■ **What to do**
As written and without pictures, set down the lines from the one that contains "How to cook ribs on the grill" through the end of the data.
-------- Recorded data
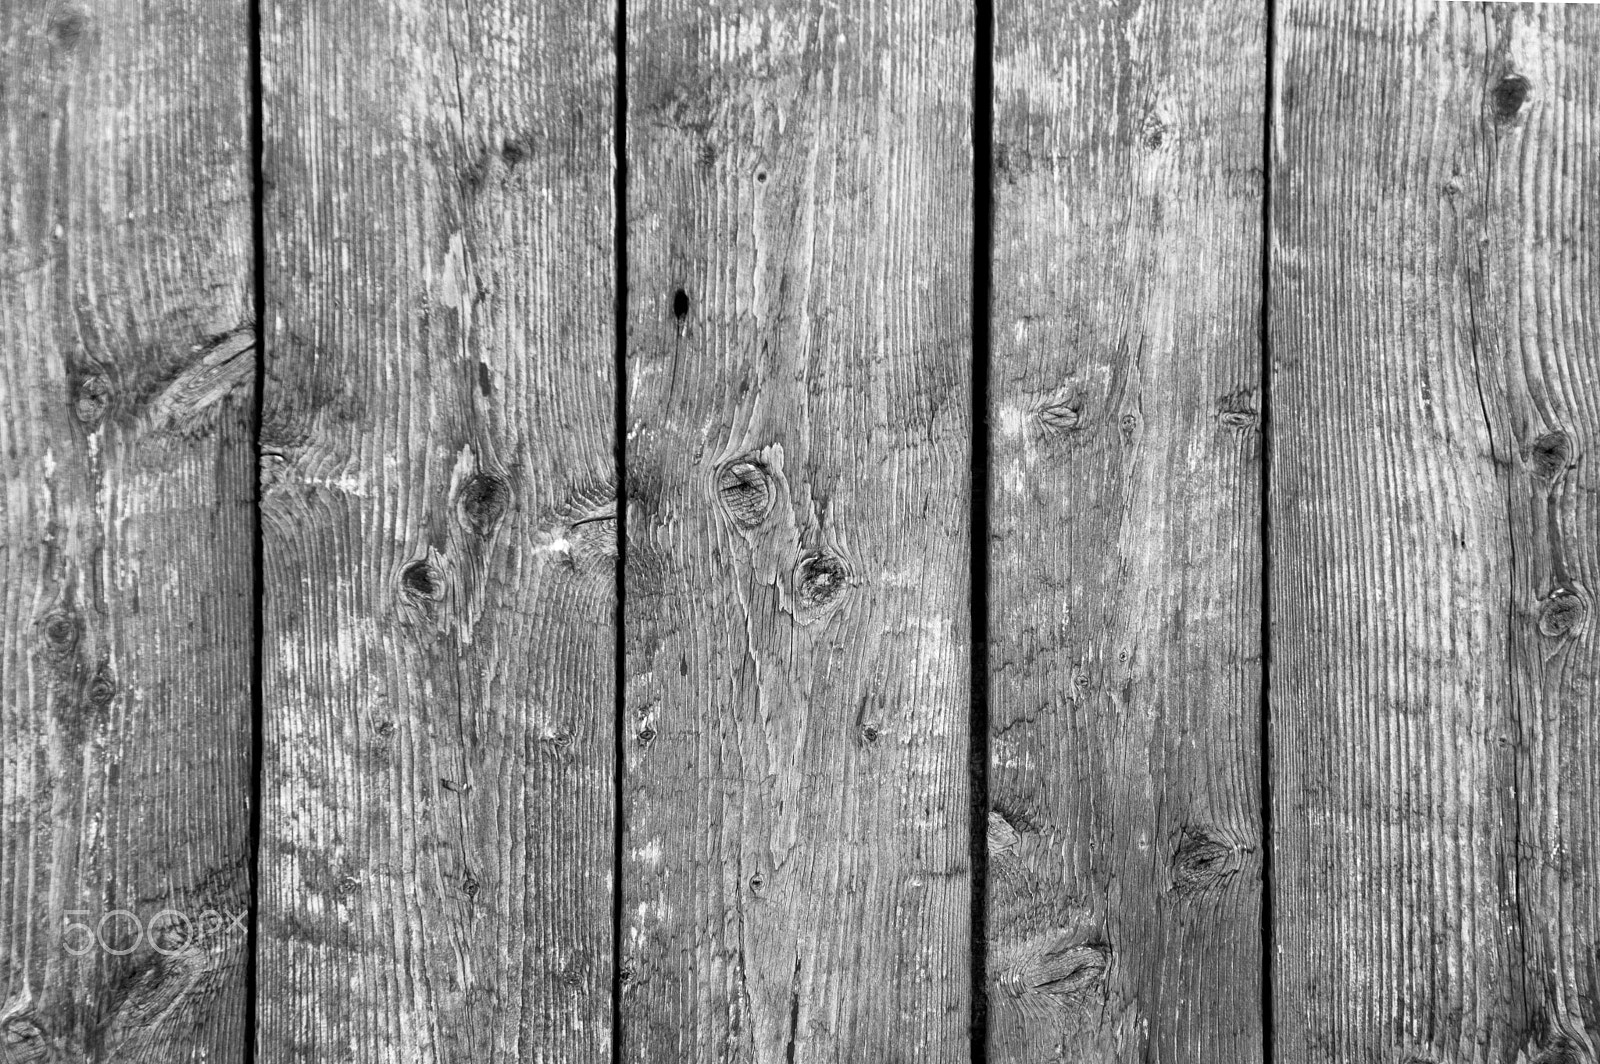 Nikon D3200 sample photo. Background of five vertical barn boards b/w photography
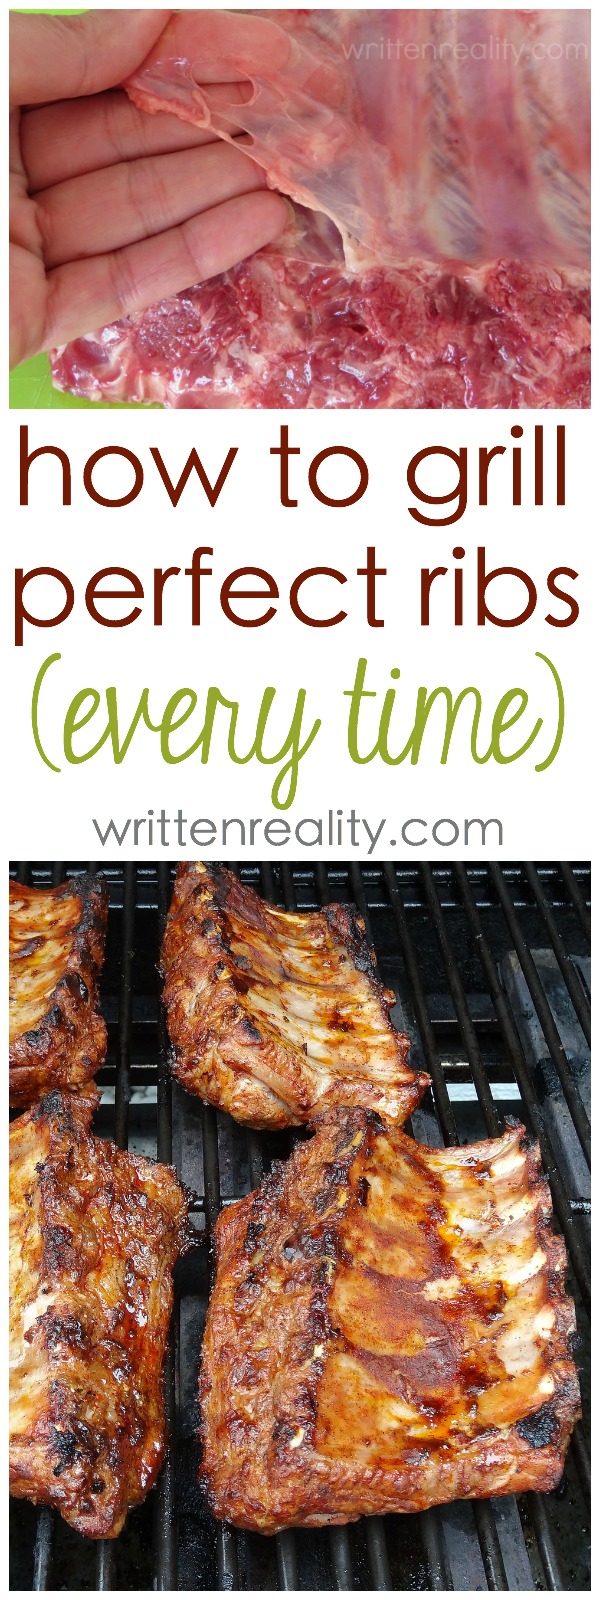 How to cook ribs on the grill
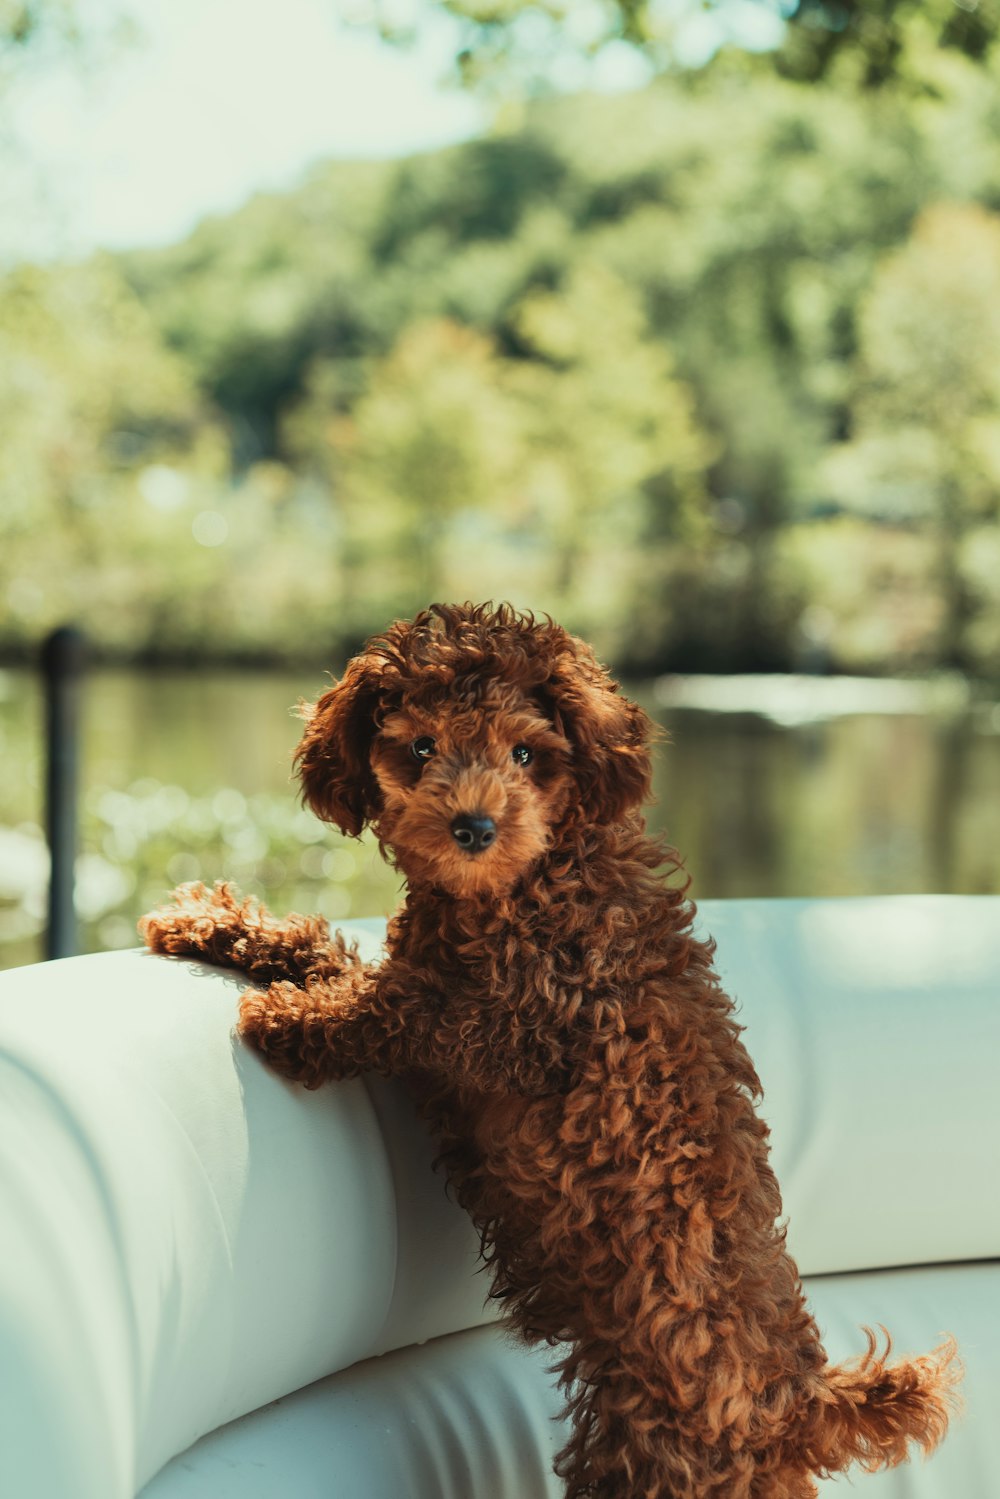 brown curly coated small dog photo – Free Maine Image on Unsplash
----------------
■ **Answer for the task**
 How to cook ribs on the grill
 brown curly coated small dog photo – Free Maine Image on Unsplash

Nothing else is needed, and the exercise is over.